▸ **ACTIVITY**:
Please write out only the lines from the line with "Phú Thọ: Ngắm" to the line with "Kitty Kallen - Wikipedia", inclusive, exactly as they stand below, without the pictures.

▸ **INFORMATION SUPPLIED**:
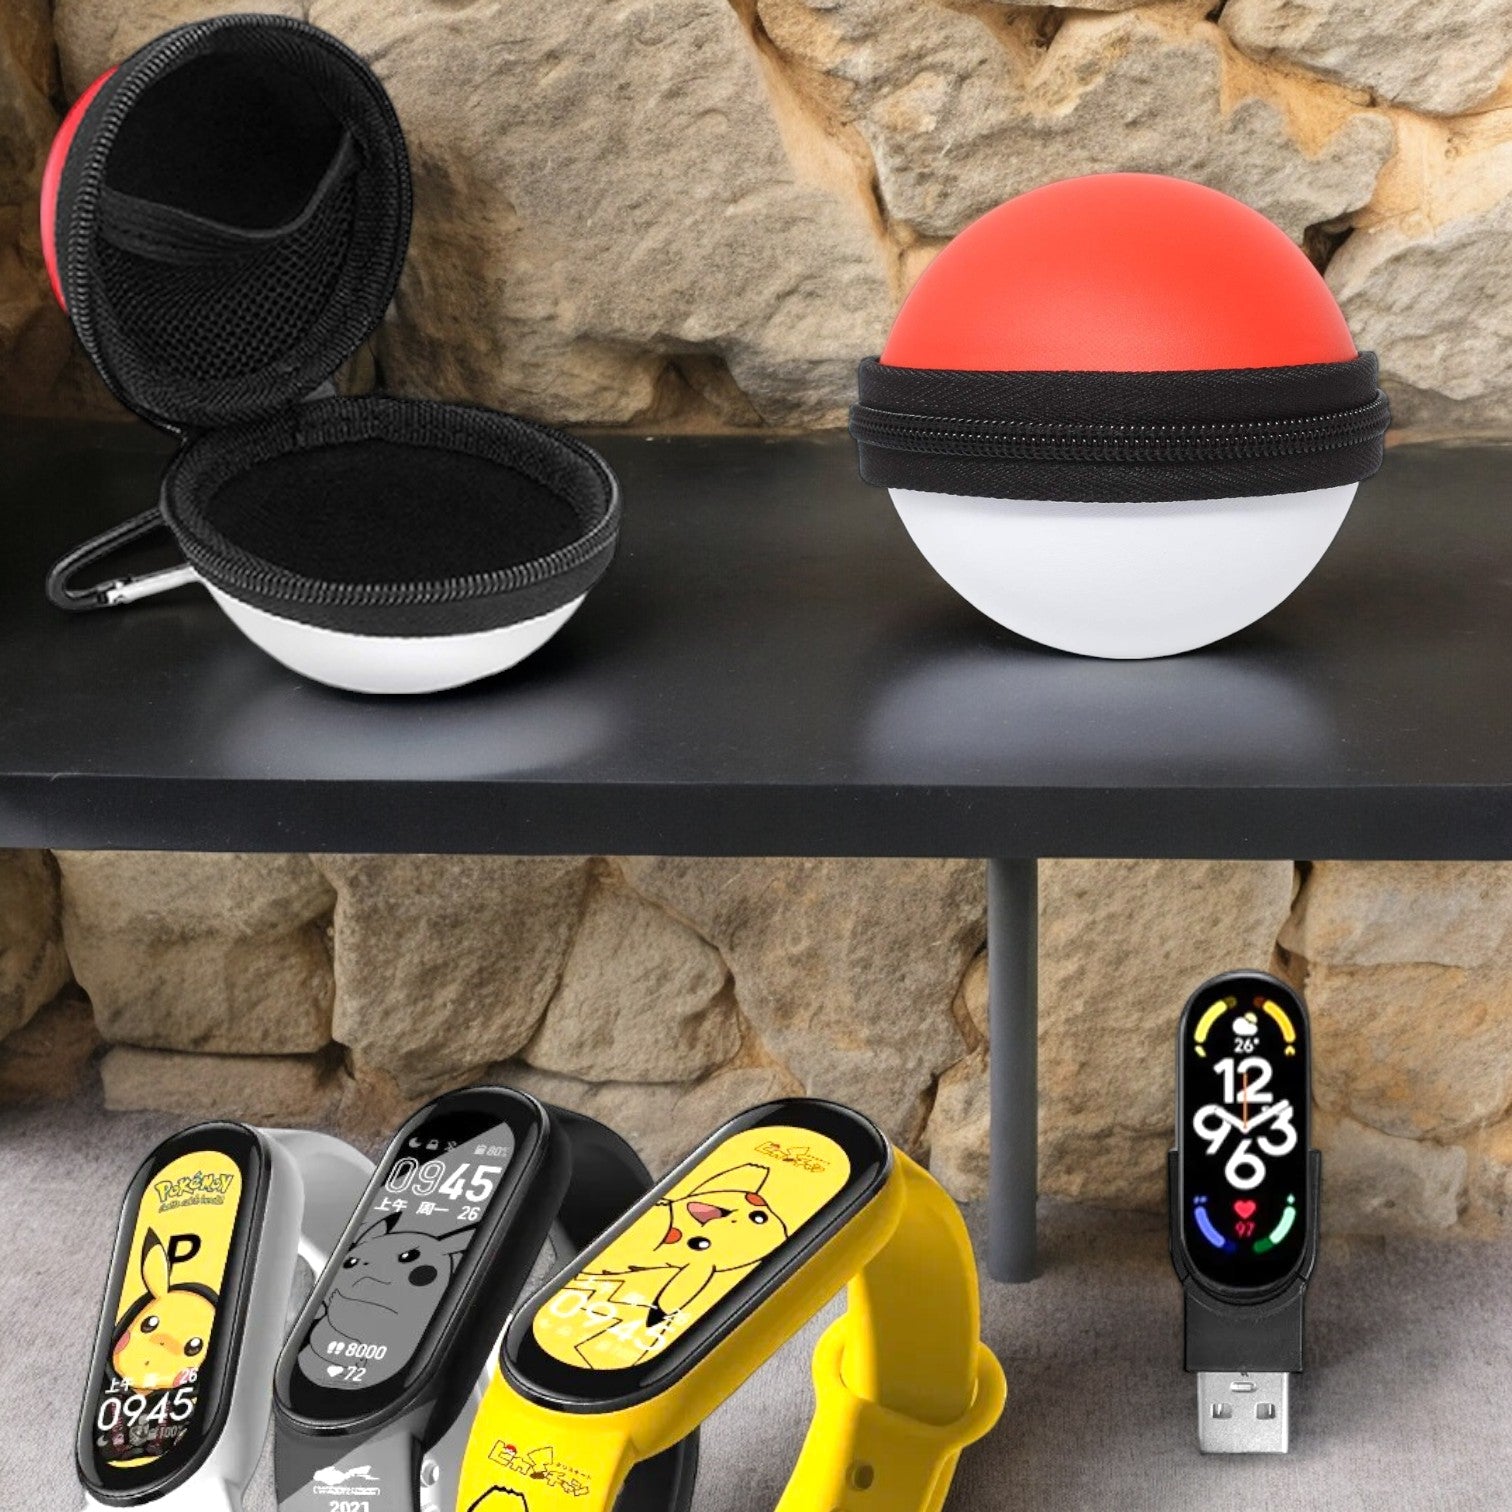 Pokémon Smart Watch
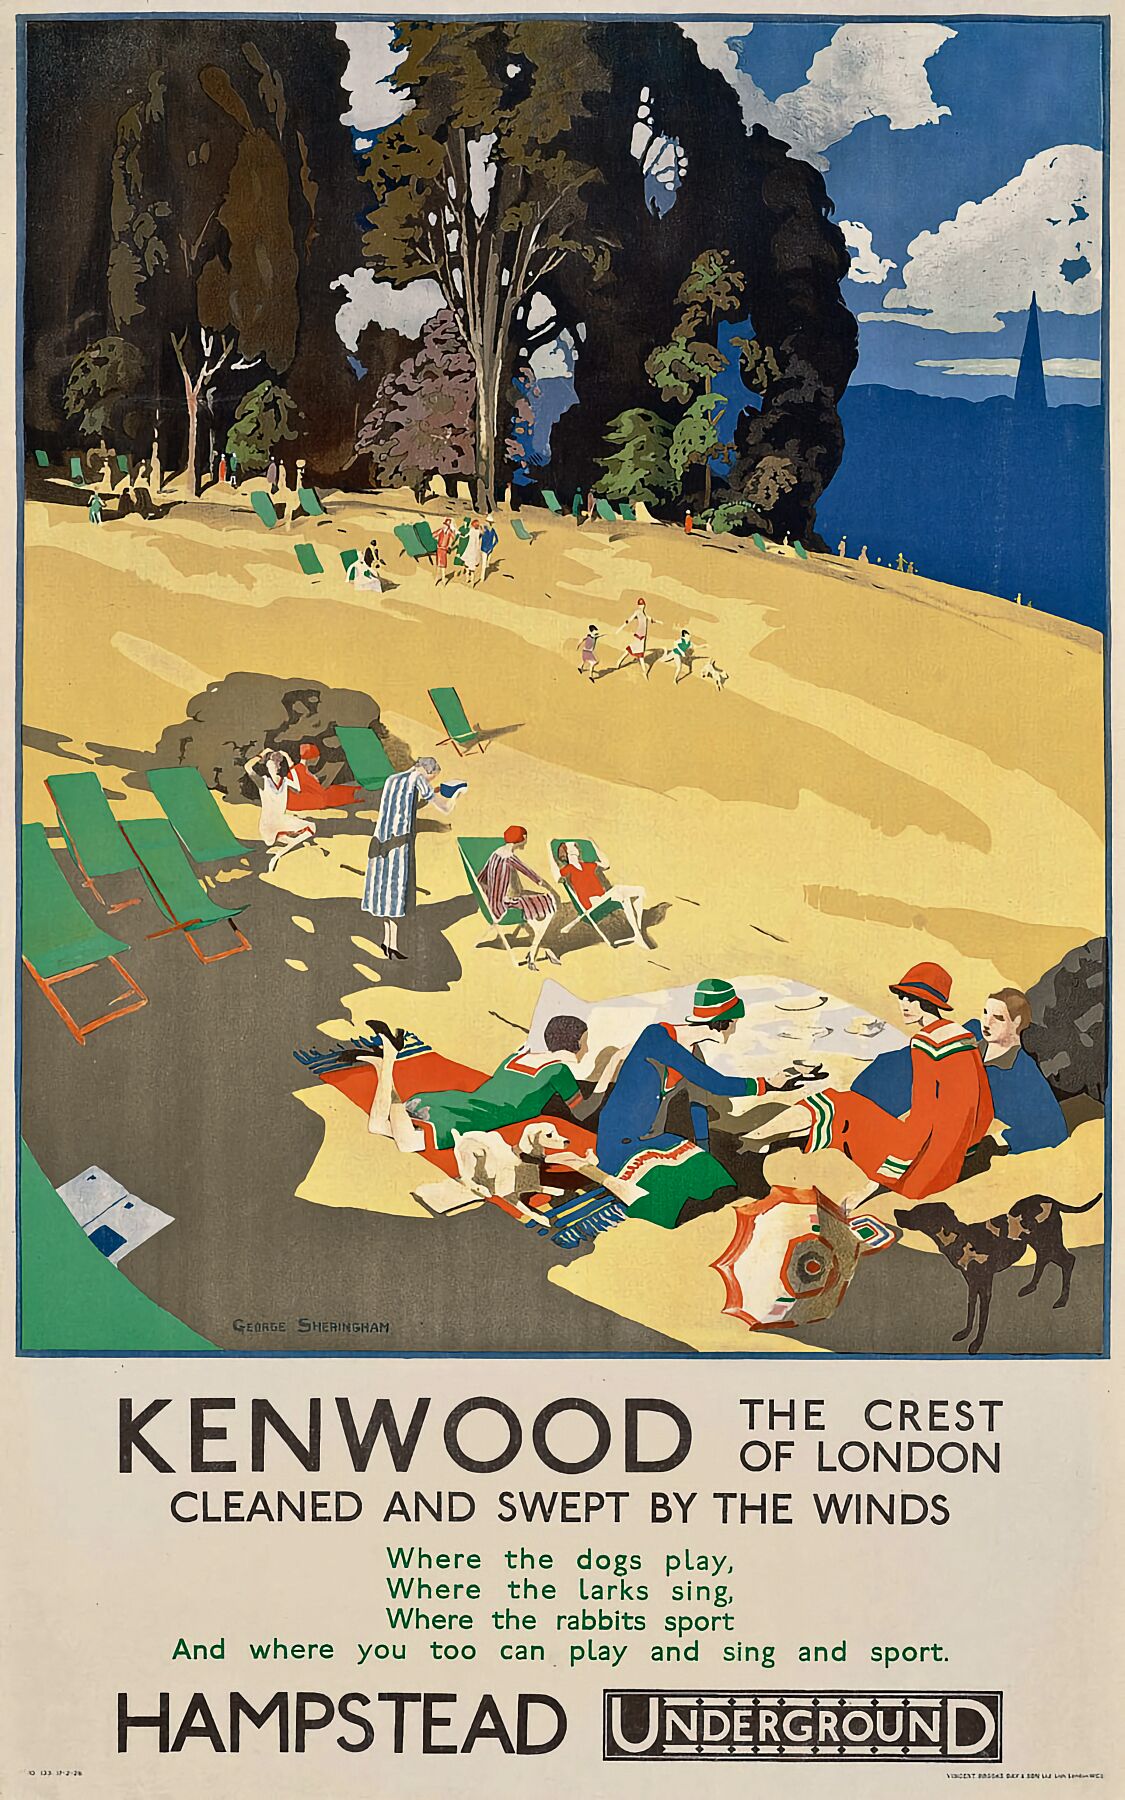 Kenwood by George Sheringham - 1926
* * *
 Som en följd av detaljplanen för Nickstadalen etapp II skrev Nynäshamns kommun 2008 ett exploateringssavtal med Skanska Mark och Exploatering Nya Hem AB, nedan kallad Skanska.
--
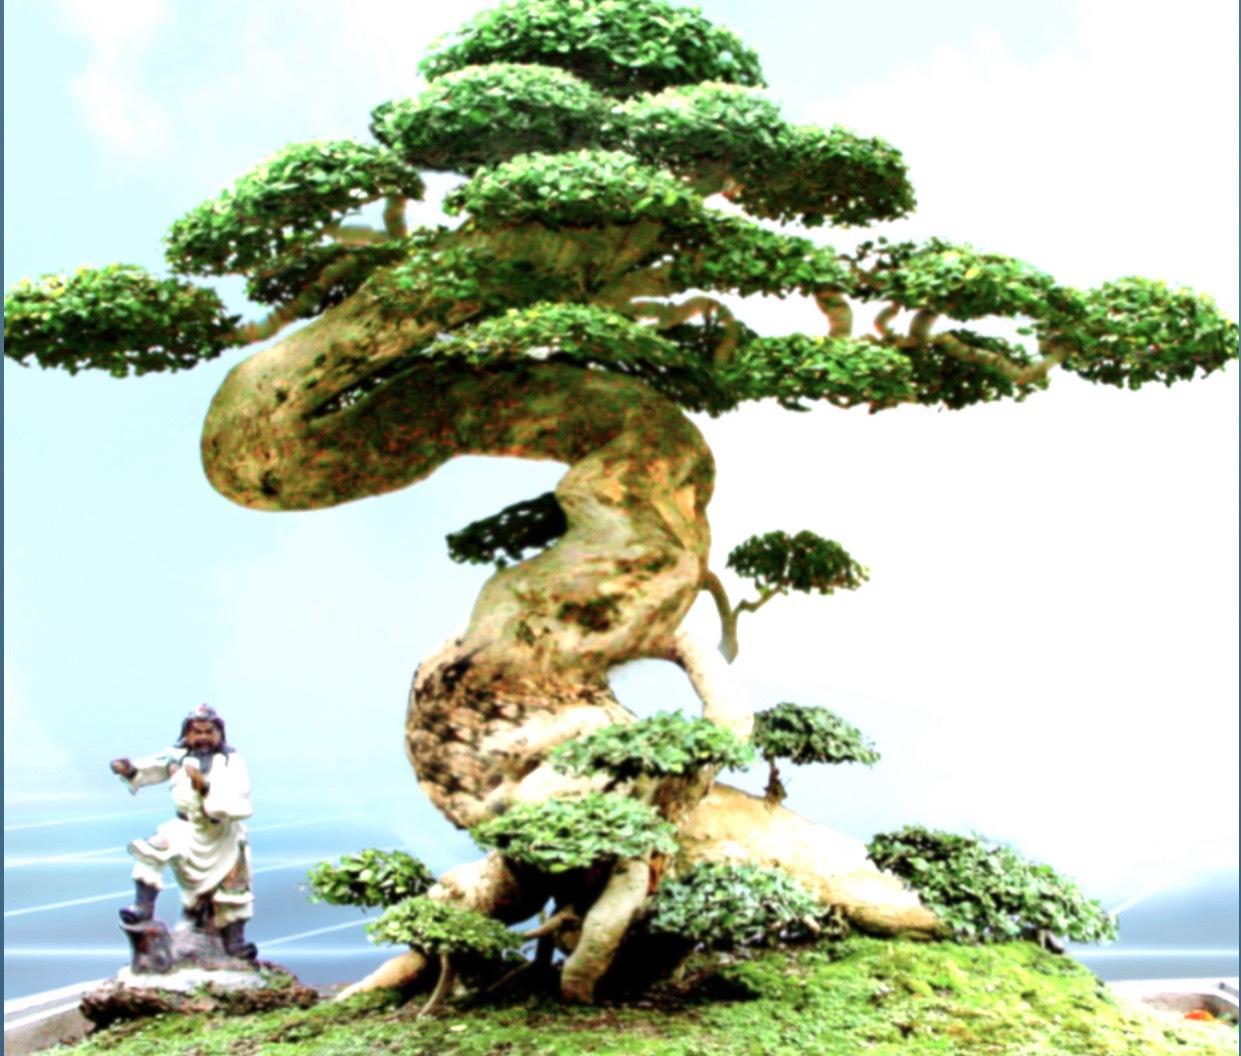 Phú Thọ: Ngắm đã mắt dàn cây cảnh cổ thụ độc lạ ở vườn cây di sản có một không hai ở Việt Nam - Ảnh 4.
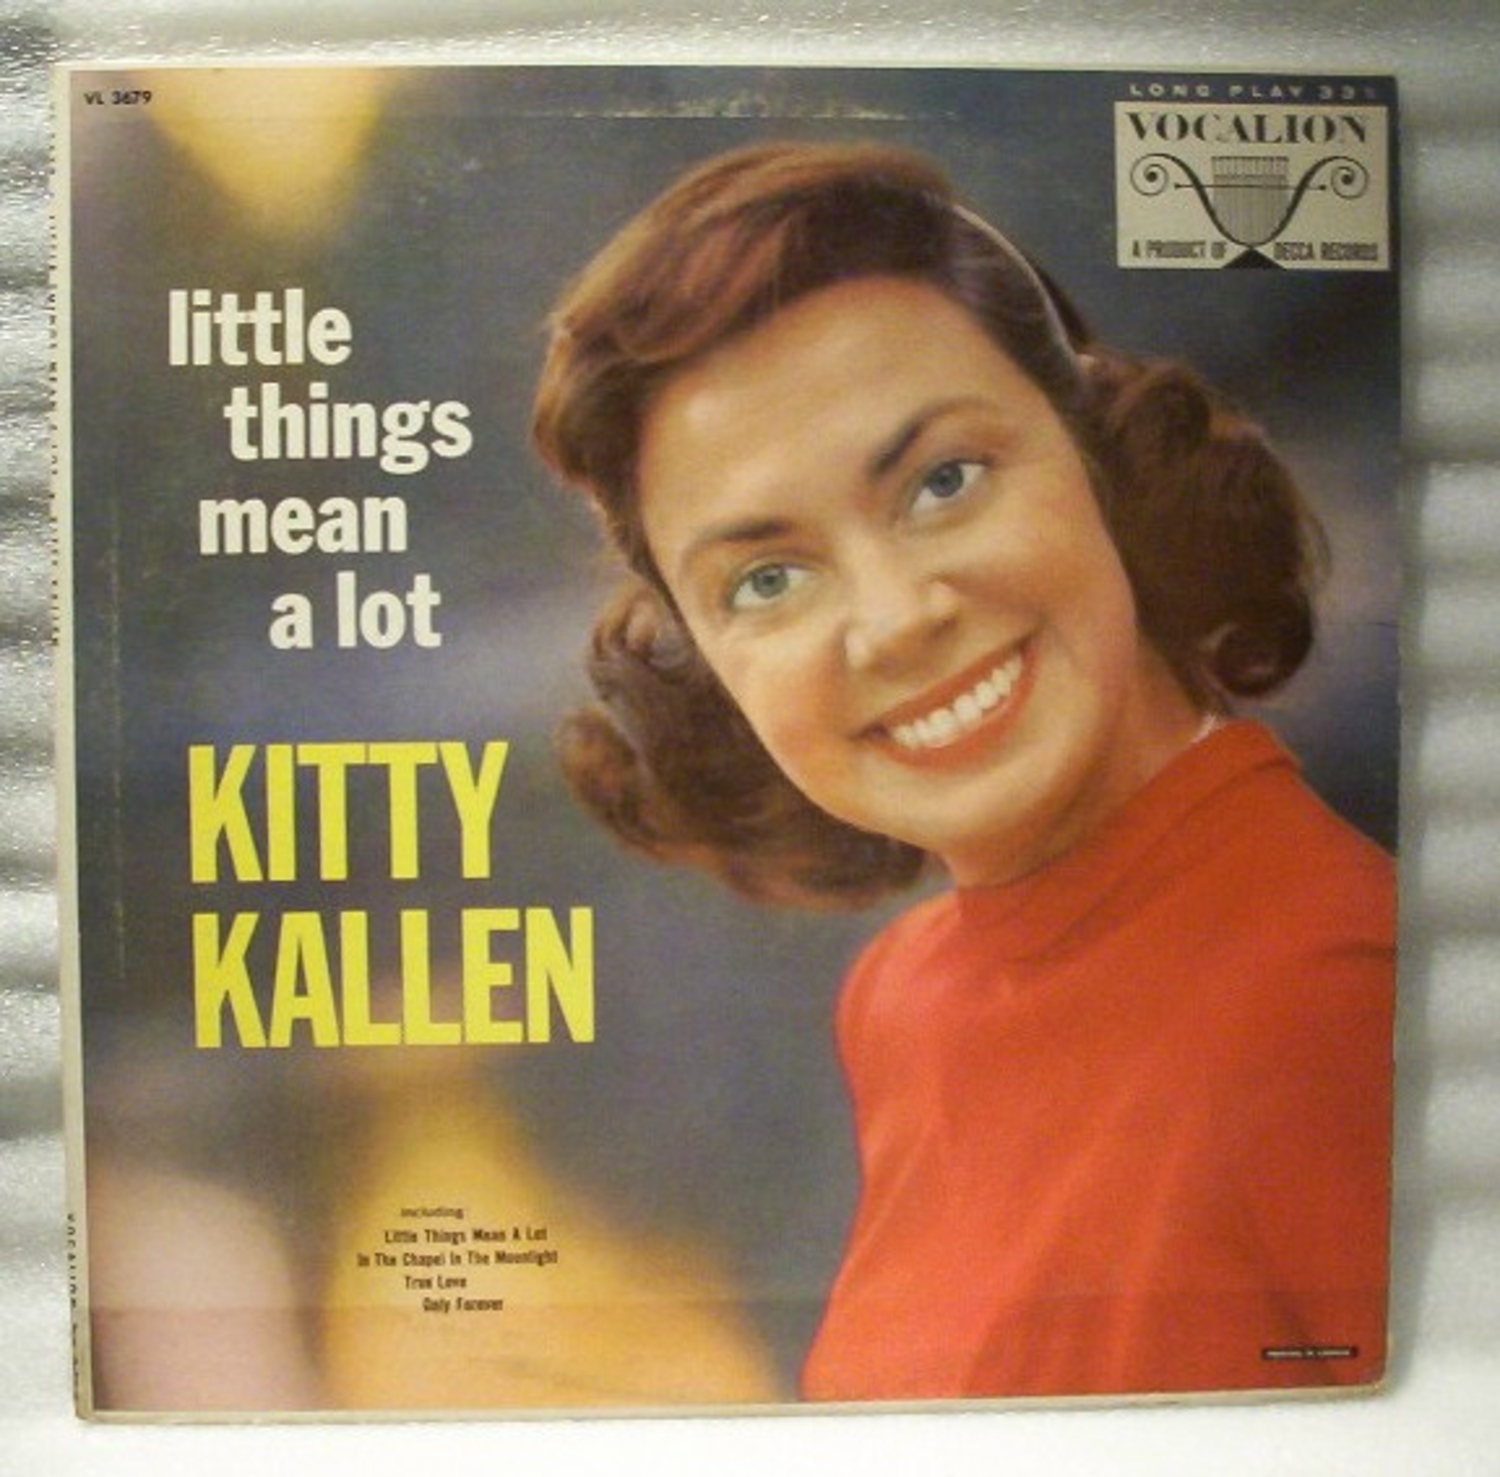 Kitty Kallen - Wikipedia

▸ **SOLUTION TO THE EXERCISE**:
 Phú Thọ: Ngắm đã mắt dàn cây cảnh cổ thụ độc lạ ở vườn cây di sản có một không hai ở Việt Nam - Ảnh 4.
 Kitty Kallen - Wikipedia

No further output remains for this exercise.